Figure 4. Feature adaptive fusion networks. Author: Yingshuai Wang, Date: 2024-12-21.

The mathematical description of the network is shown in Equations 12, 13.

\begin{array}{l} s = σ (MLP (z, W)) & (12) \end{array}

\begin{array}{l} x_{l + 1} = x_{l} + s & (13) \end{array}

Where $z$ denotes input features, $W$ is the weight parameter, $MLP$ denotes a multiple layer perceptual machine and $σ$ is a nonlinear mapping operator. The Meta Unit module is calculated as in Equations 14, 15.
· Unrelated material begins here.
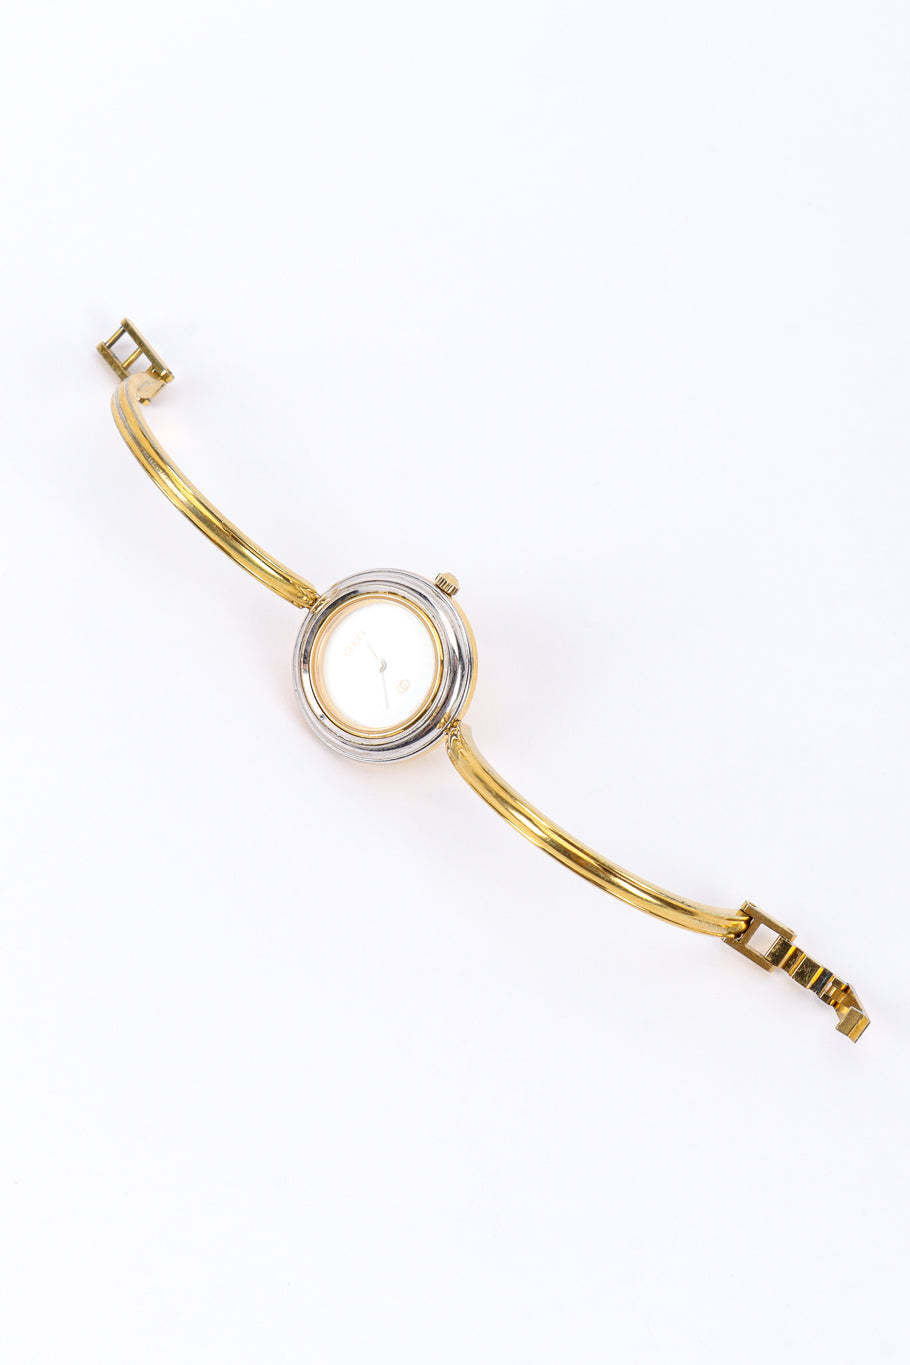 6 Bezel Bracelet Watch Boxed Set by Gucci watch open @recessla

\begin{array}{l} y = Rel u (W_{meta} x + b_{meta}) & (14) \end{array}

\begin{array}{l} W_{meta} = Reshape (W * embeddin g_{scene} + b) & (15) \end{array}

Where $embeddin g_{scene}$ represents the embedding of the scene type, after MLP, we get the scene-specific representation, and generate the weight and bias by reshape to form the Meta Unit of the network. The Meta Unit parameters are different in different scenes. The input is $x$ , the output is $y$ . The original fully connected network is $y = Relu (Wx + b)$ , when the network training is completed, $W$ and $b$ are fixed, for all the samples, $W$ and $b$ are the same. The Meta Unit dynamically changes the $W$ and $b$ according to the samples. $y = Relu (W_{meta} x + b_{meta})$ , where W and b are related to the type of scene. The computational logic of Meta Attention module is shown in Equation 16.

\begin{array}{l} α_{Ai} = V^{T} {Meta}_{A} ([E_{i}]), 1 \leq i \leq S + K & (16) \end{array}

Where $α_{Ai}$ denotes the attention scores of the experts for task A, the expert group consists of S shared experts and K unique experts. ${Meta}_{A}$ represents the shared Meta Unit for task A. The parameters change dynamically with different scenarios, and $V^{T}$ are network learning parameters. $α_{Ai}$ are scalar values, and then normalized by an activation function softmax for the S + K scores. Scene information is explicitly incorporated through the attention meta-network in the multi-task attention weights, and the information of different scenes is captured when calculating the attention scores. The computational logic of the Meta Tower module is as follows: each layer of the multi-task learning tower is implemented as a fully connected network. The meta tower is constructed by cascading multiple meta units, and the parameters adapt dynamically with different scenes. This architecture enhances the model’s ability to characterize specific scenes through the layered structure of the tower.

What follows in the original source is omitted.